Statistics (``scirs2.stats``)
==============================
Statistical functions, distributions, hypothesis tests, MCMC samplers,
and Gaussian process regression.
.. automodule:: scirs2.stats
:members:
:undoc-members:
:show-inheritance:
Descriptive Statistics
----------------------
.. list-table::
:header-rows: 1
* - Function
- Description
* - ``mean_py(data)``
- Arithmetic mean
* - ``std_py(data, ddof)``
- Standard deviation
* - ``var_py(data, ddof)``
- Variance
* - ``median_py(data)``
- Median
* - ``percentile_py(data, q)``
- Percentile
* - ``iqr_py(data)``
- Interquartile range
* - ``skew_py(data)``
- Skewness (6-23x faster than SciPy on small data)
* - ``kurtosis_py(data)``
- Excess kurtosis (5-24x faster than SciPy)
* - ``describe_py(data)``
- Summary statistics dictionary
Correlation
-----------
- ``correlation_py(x, y)`` — Pearson correlation
- ``covariance_py(x, y, ddof)`` — Covariance
- ``pearsonr_py(x, y)`` — Pearson r with p-value
- ``spearmanr_py(x, y)`` — Spearman rank correlation
Distributions
-------------
All distributions expose ``pdf``, ``cdf``, ``ppf``, ``rvs`` methods:
.. code-block:: python
dist = scirs2.norm()
p = dist.pdf(0.0) # 0.3989…
q = dist.cdf(1.96) # 0.9750…
x = dist.ppf(0.975) # 1.96…
Available distributions:
- **Continuous**: ``norm``, ``expon``, ``uniform``, ``beta``, ``gamma``,
``chi2``, ``t``, ``f``, ``cauchy``, ``lognorm``, ``weibull_min``,
``laplace``, ``logistic``, ``pareto``
- **Discrete**: ``binom``, ``poisson``, ``geom``, ``bernoulli``,
``nbinom``, ``hypergeom``
MCMC Samplers
-------------
.. code-block:: python
import scirs2, numpy as np
def log_prob(x):
return -0.5 * float(np.dot(x, x)) # standard normal
sampler = scirs2.MetropolisHastings(log_prob, step_size=0.5)

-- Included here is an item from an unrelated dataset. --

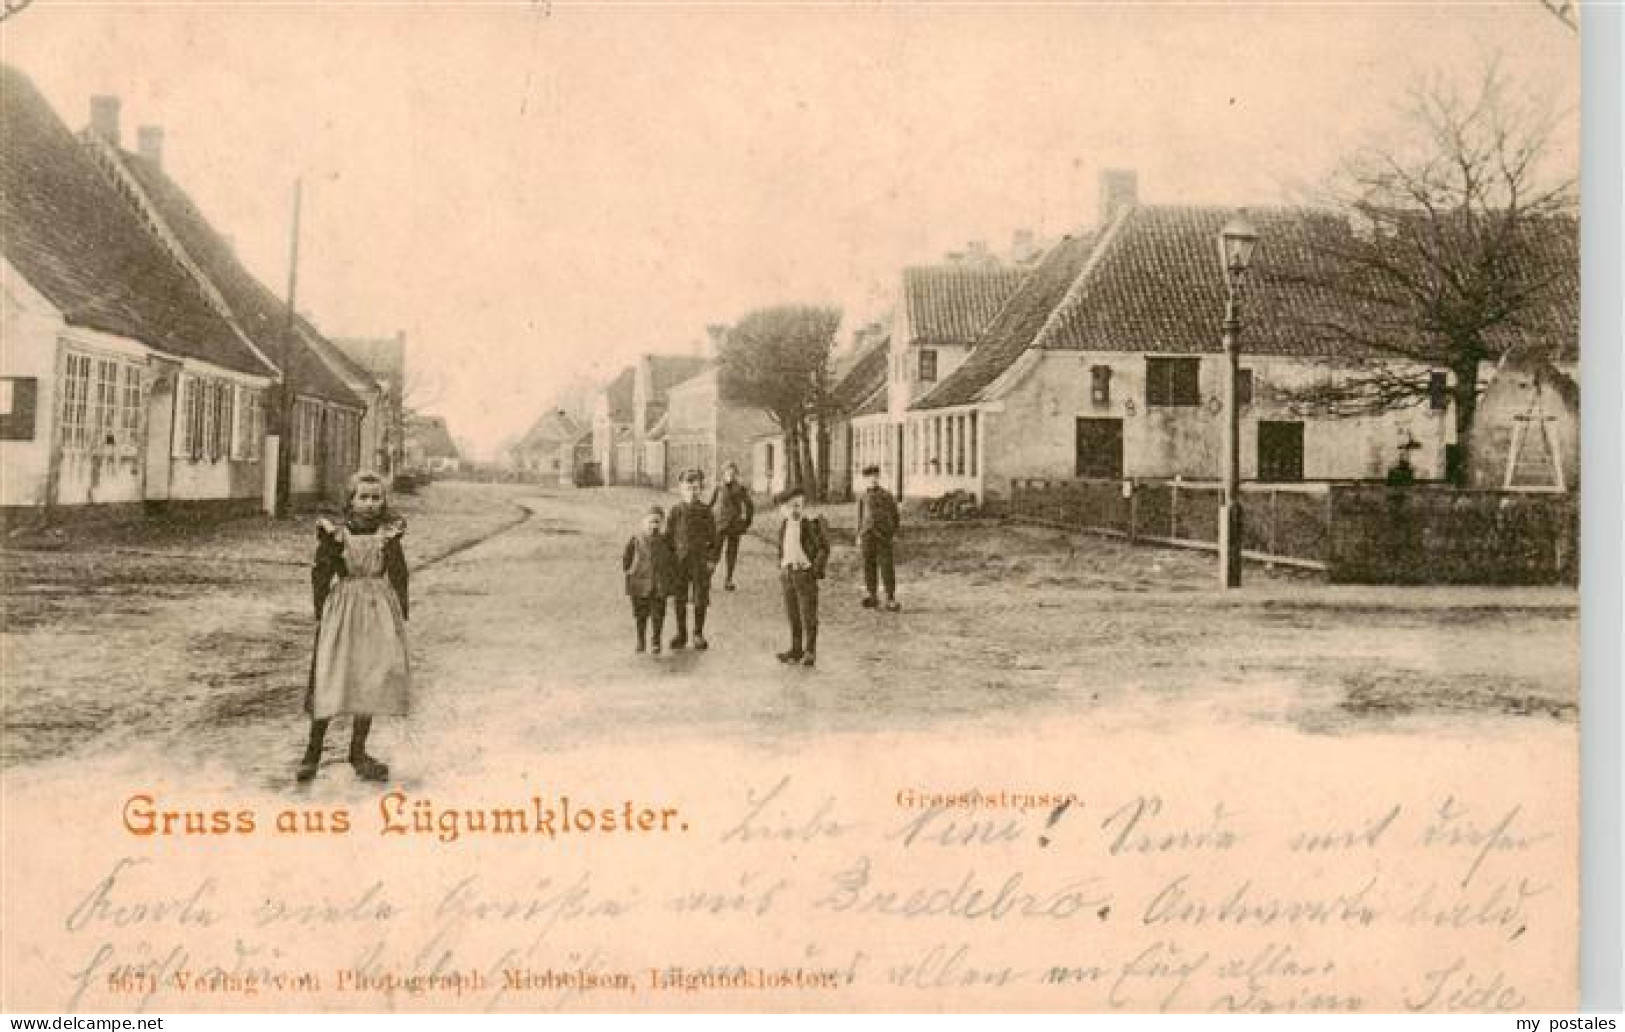 73939394 Luegumkloster_DK Grossestrasse - Denmark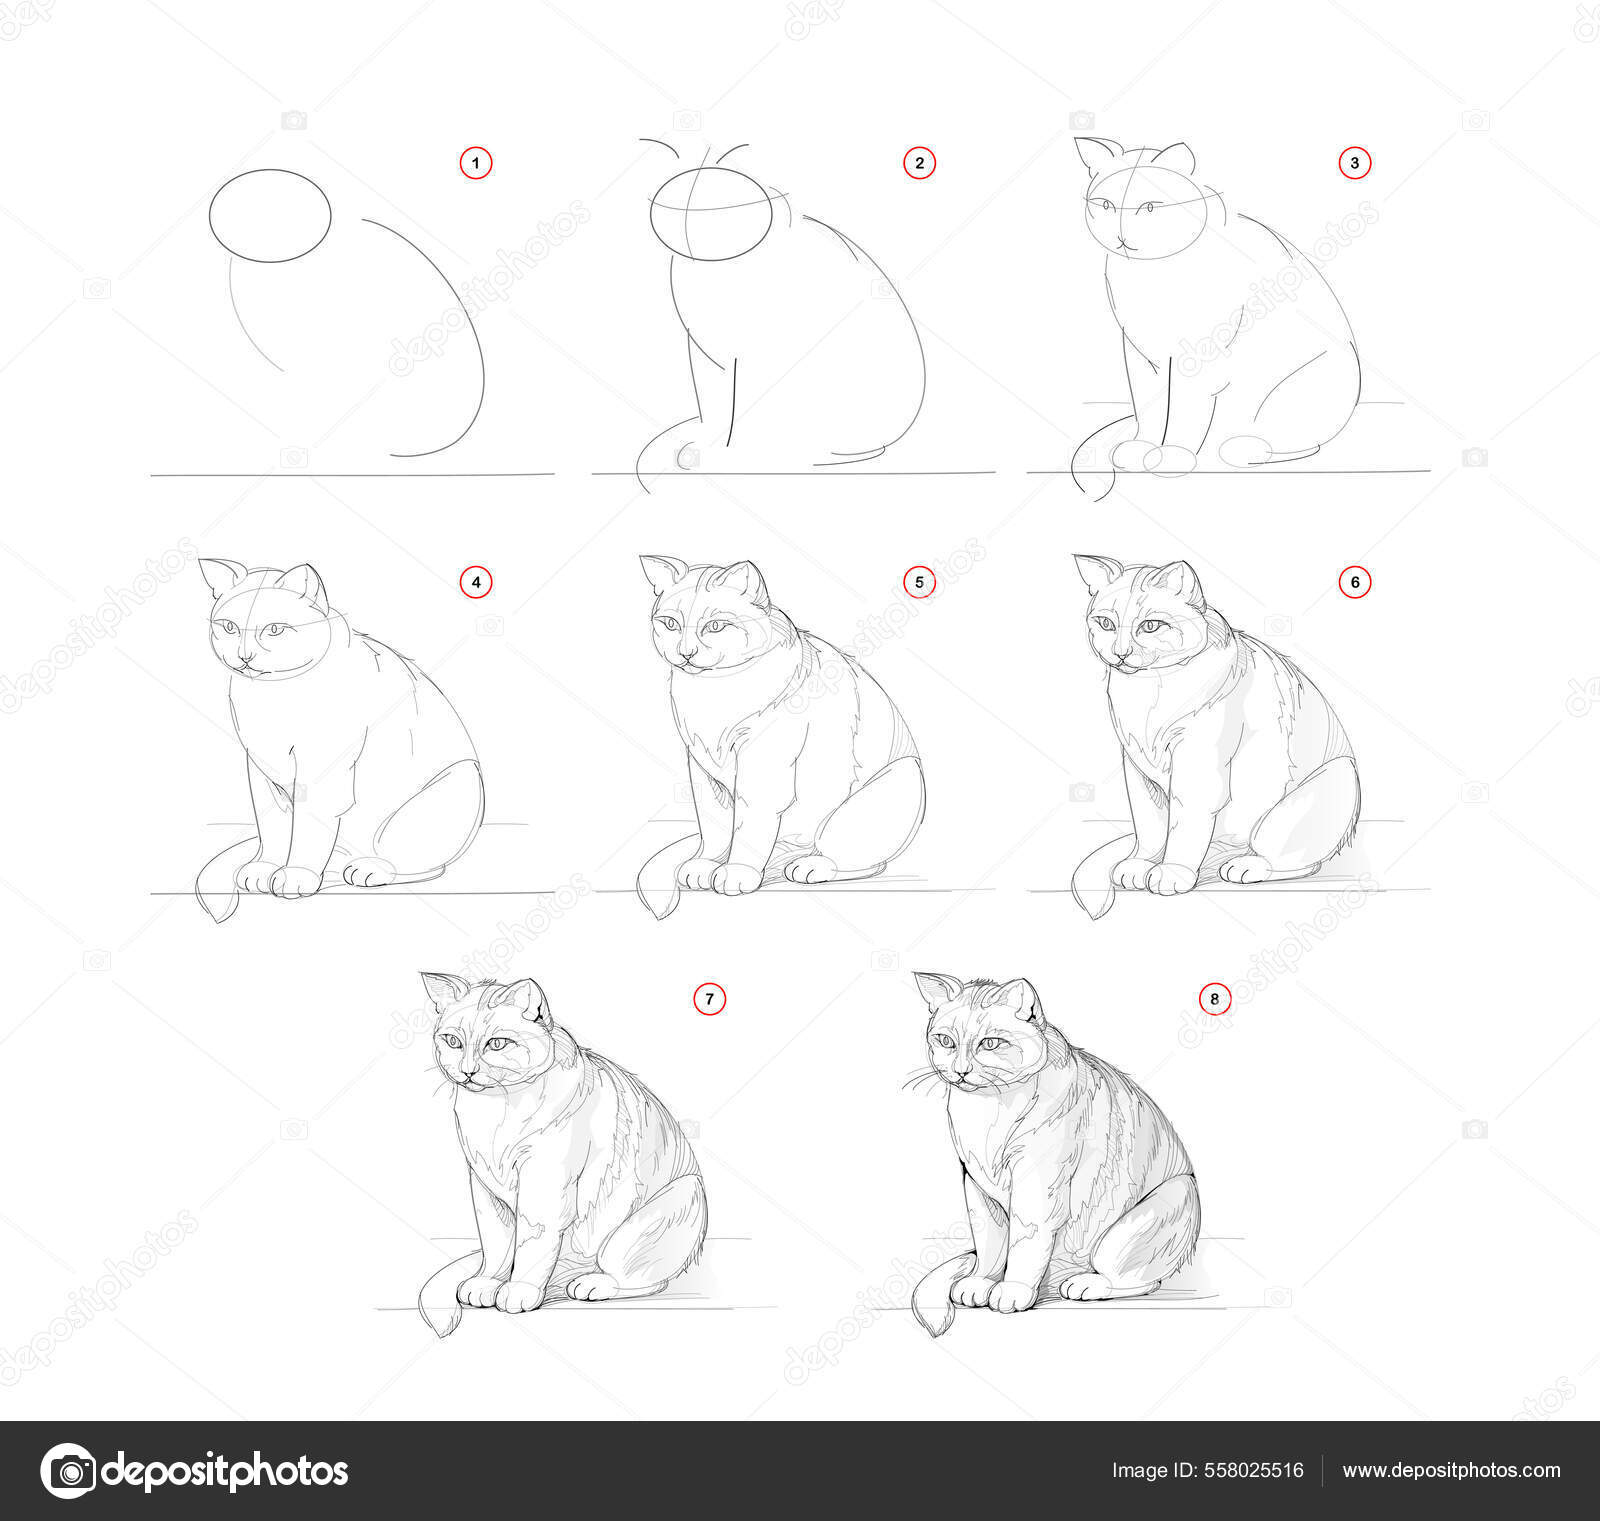 Como desenhar um gato de desenho animado

samples = sampler.sample(np.zeros(2), n_samples=1000, burn_in=100)
Available samplers: ``MetropolisHastings``, ``HamiltonianMC``, ``NUTS``
Gaussian Process Regression
----------------------------
.. code-block:: python
gp = scirs2.GaussianProcessRegressor(kernel="rbf", noise=1e-6)
gp.fit(X_train, y_train)
mean, std = gp.predict(X_test, return_std=True)
Survival Analysis
-----------------
- ``KaplanMeier`` — Non-parametric survival estimator
- ``NelsonAalen`` — Cumulative hazard estimator
- ``CoxPH`` — Proportional hazards model